> RAW DATA

BEGIN

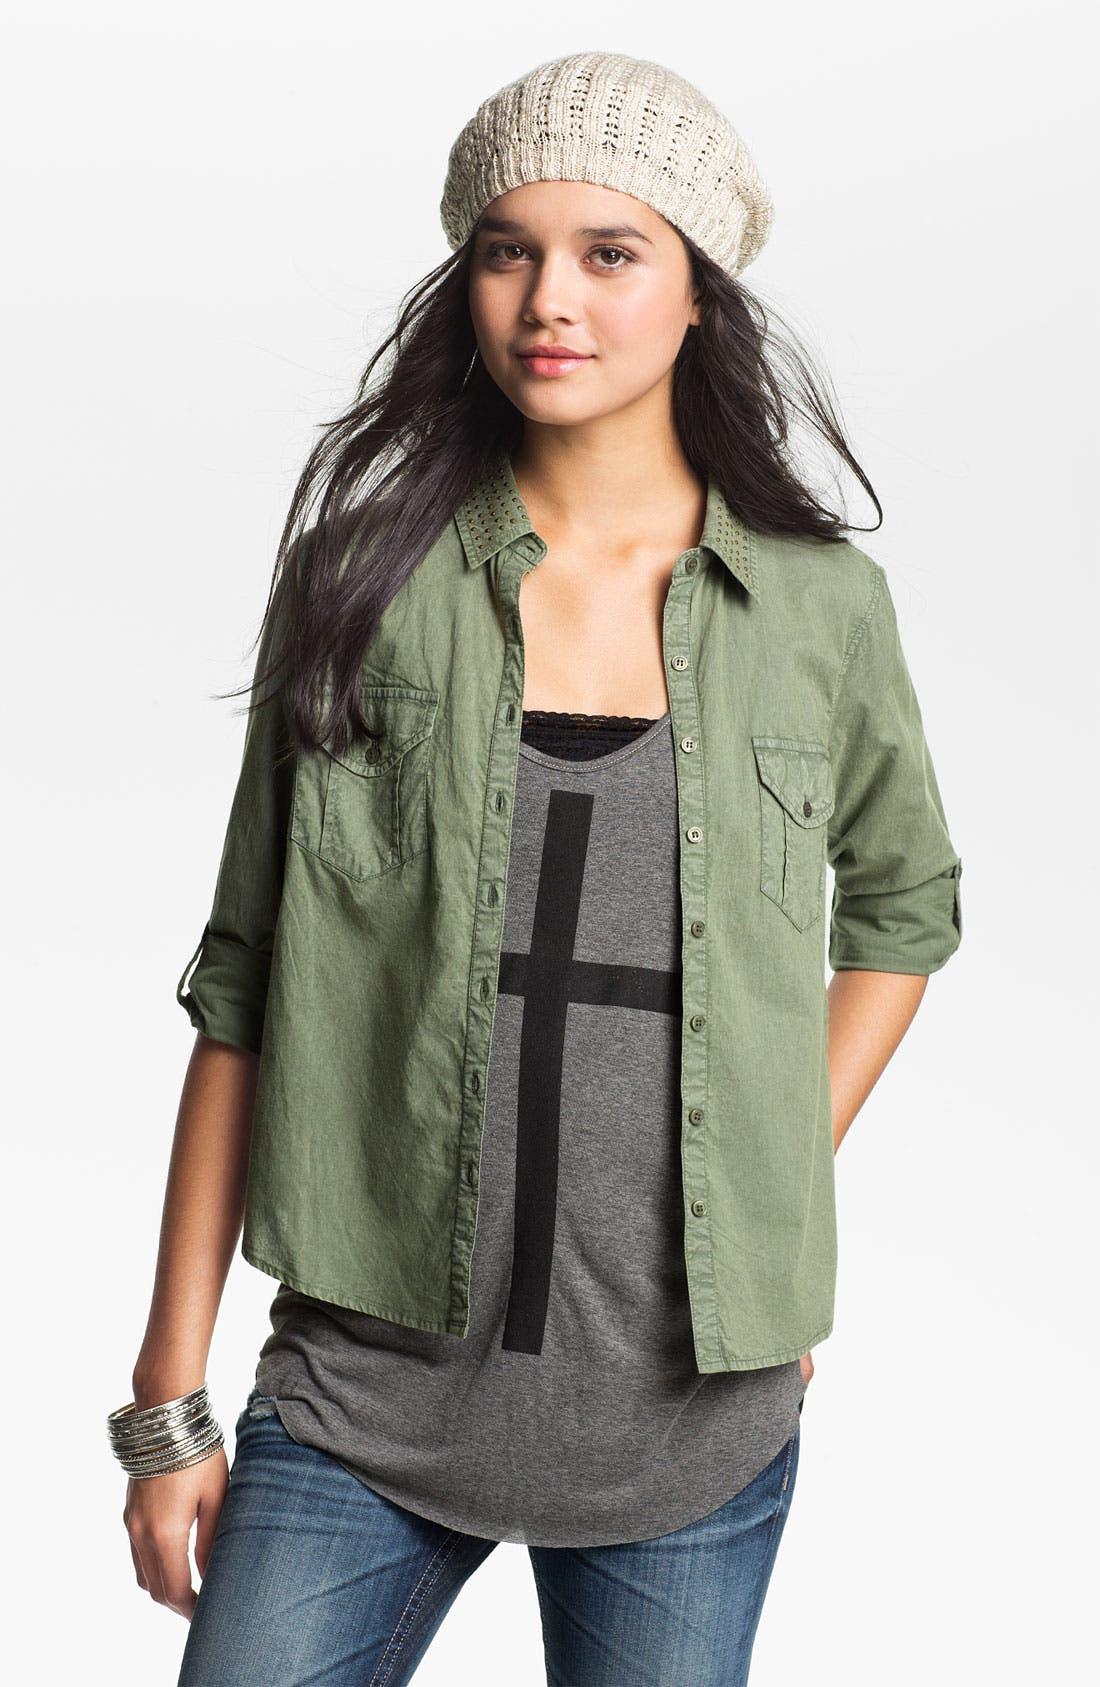 Alternate Image 1 Selected - Fire Stud Collar Army Shirt (Juniors)
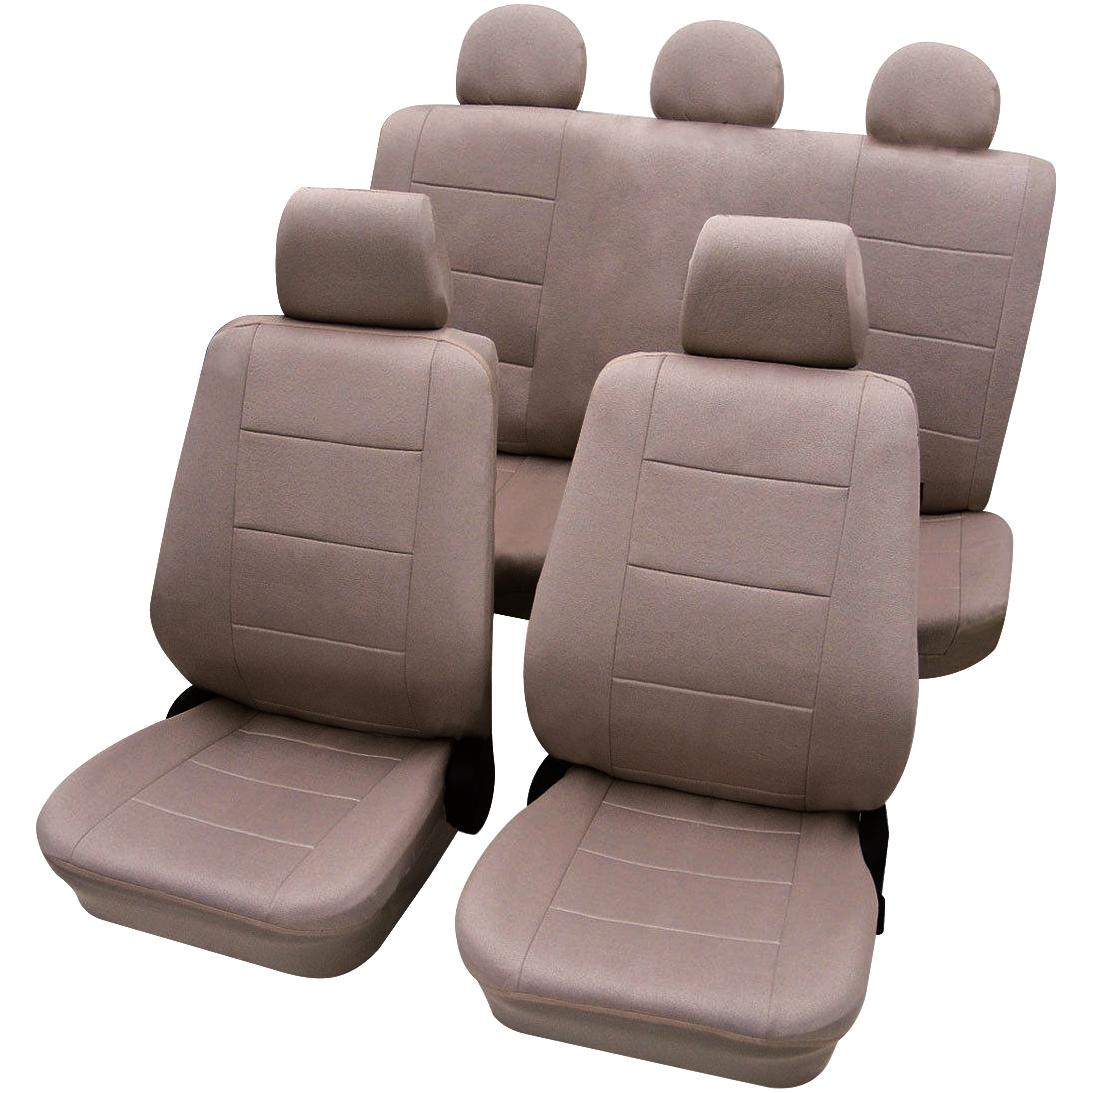 auto sitzbez ge sitzbezug schonbez ge schonbezug schoner universal farbwahl 282 ebay. Black Bedroom Furniture Sets. Home Design Ideas
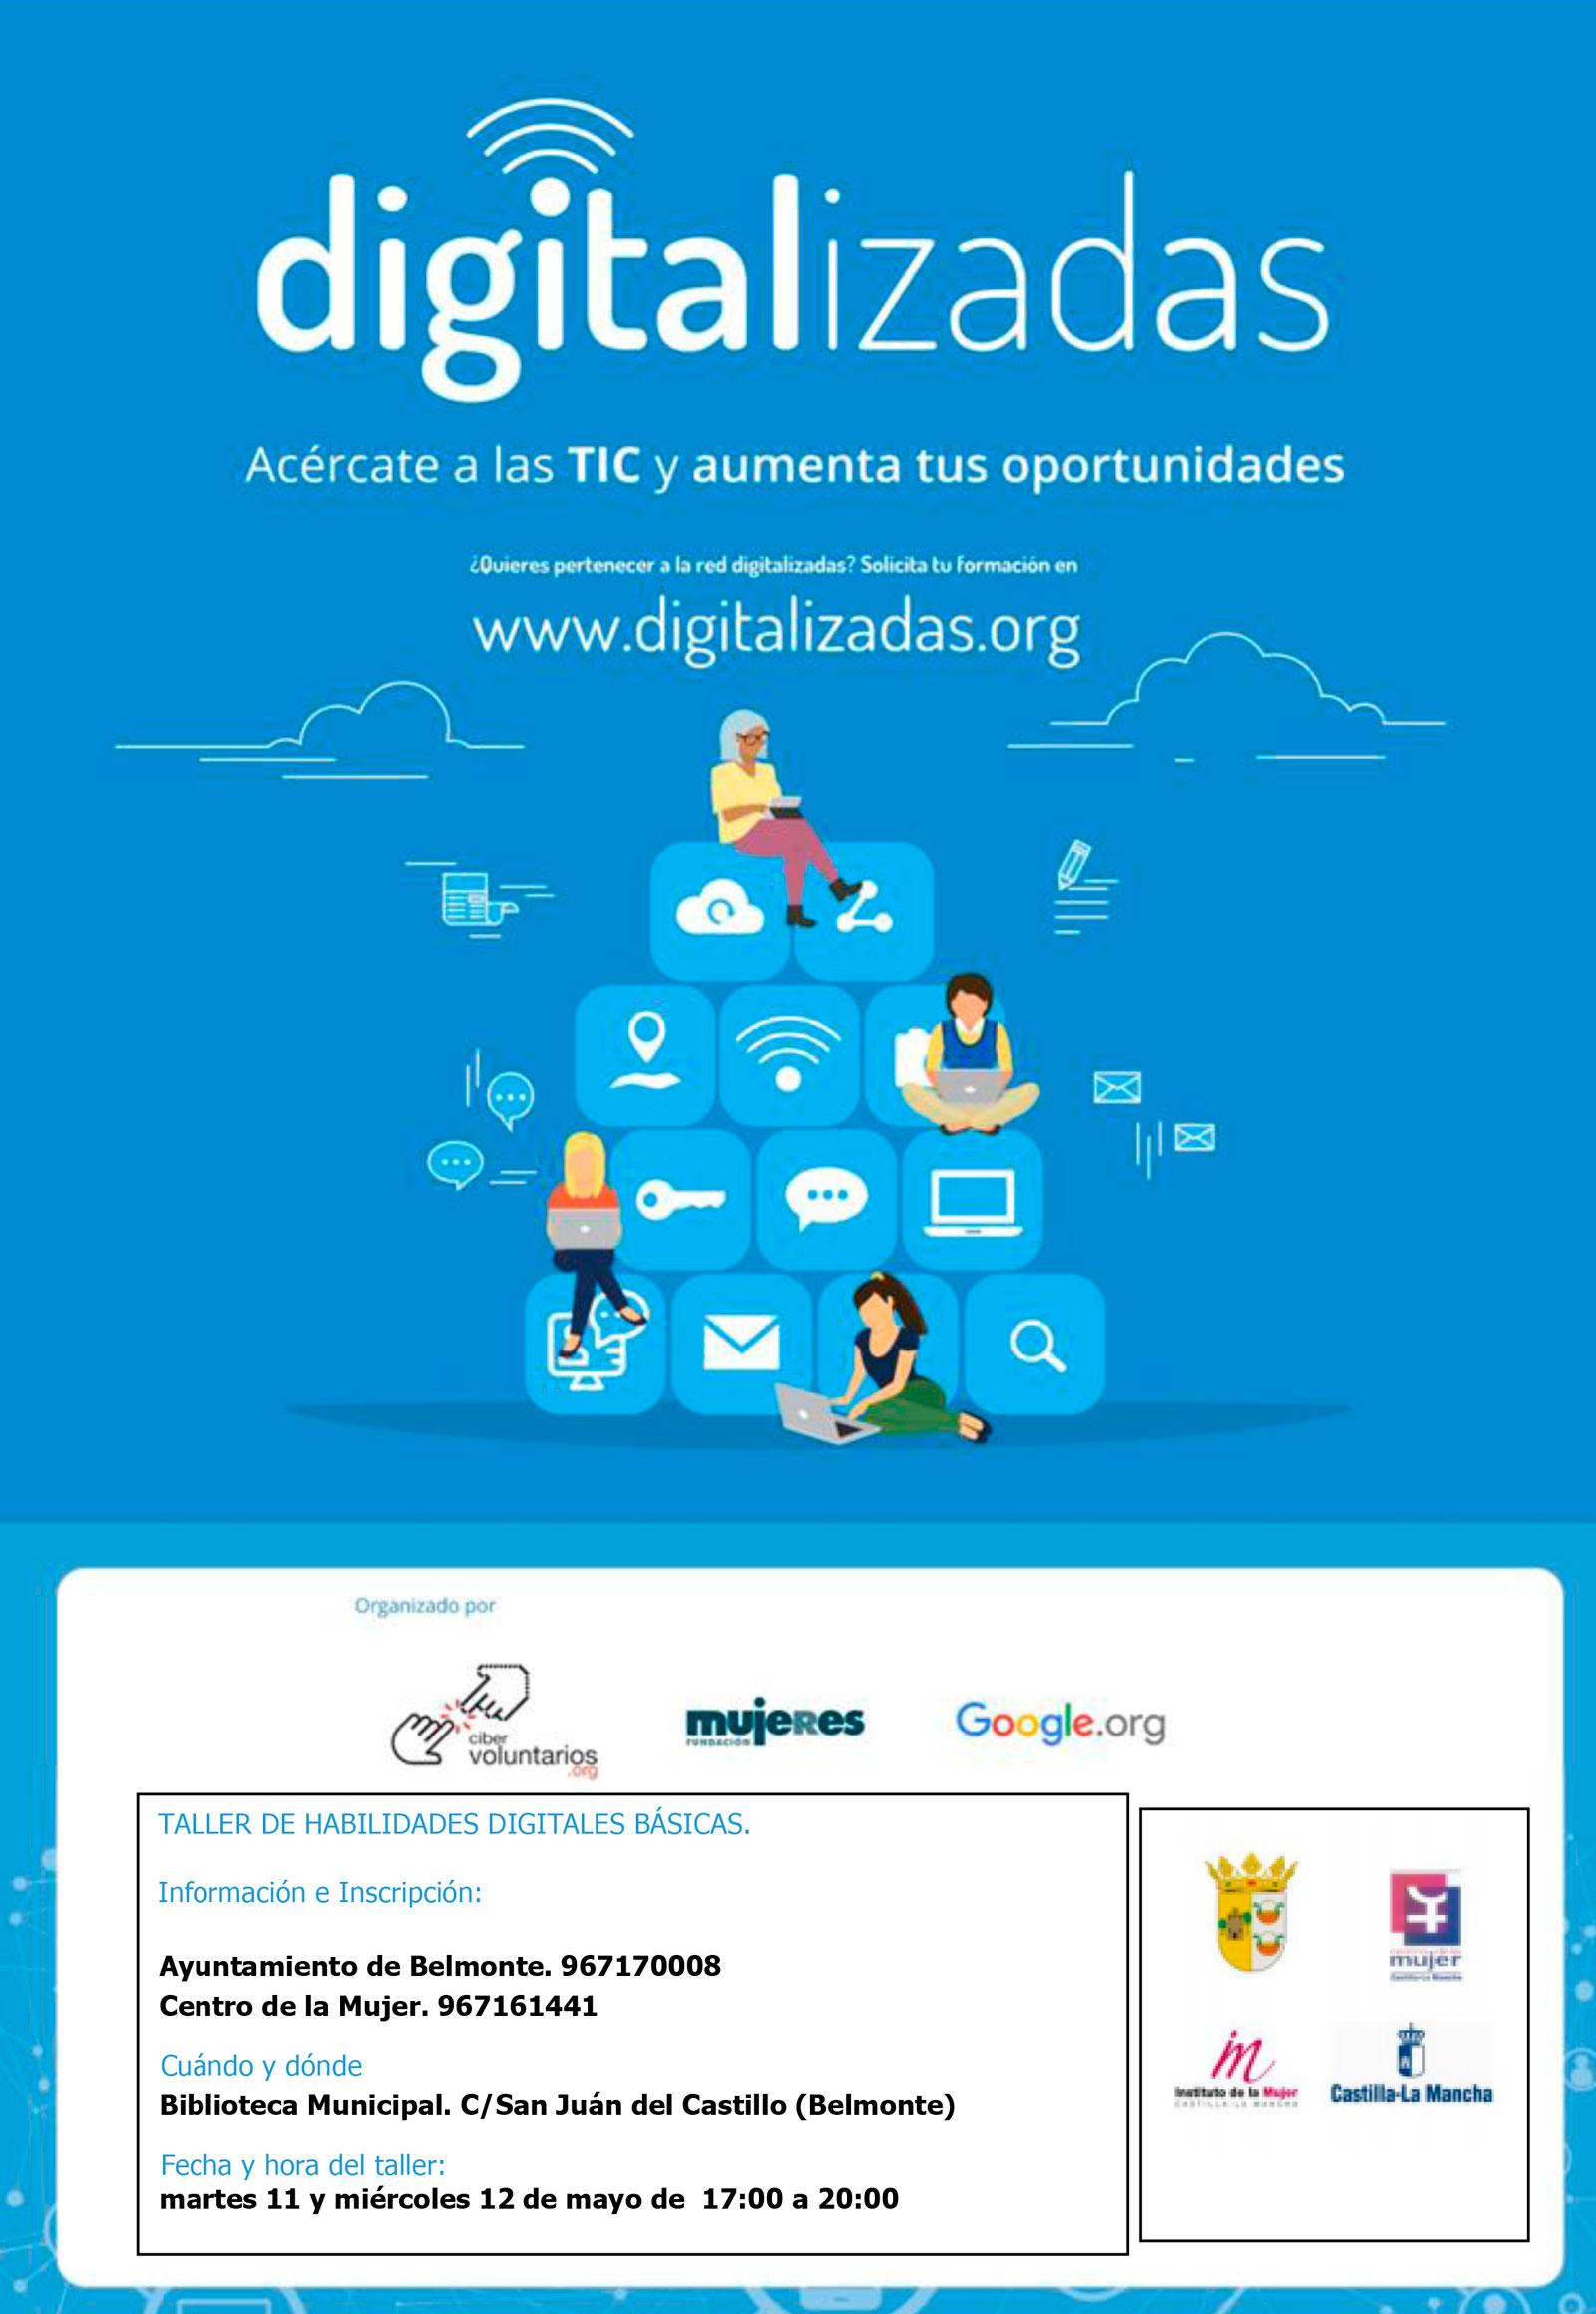 CartelDigitalizadas_Belmonte1

END

> TASK TO CARRY OUT
Give back the material above exactly as written, but omit the images.

> PROBLEM SOLUTION
 Alternate Image 1 Selected - Fire Stud Collar Army Shirt (Juniors)
 auto sitzbez ge sitzbezug schonbez ge schonbezug schoner universal farbwahl 282 ebay. Black Bedroom Furniture Sets. Home Design Ideas
 CartelDigitalizadas_Belmonte1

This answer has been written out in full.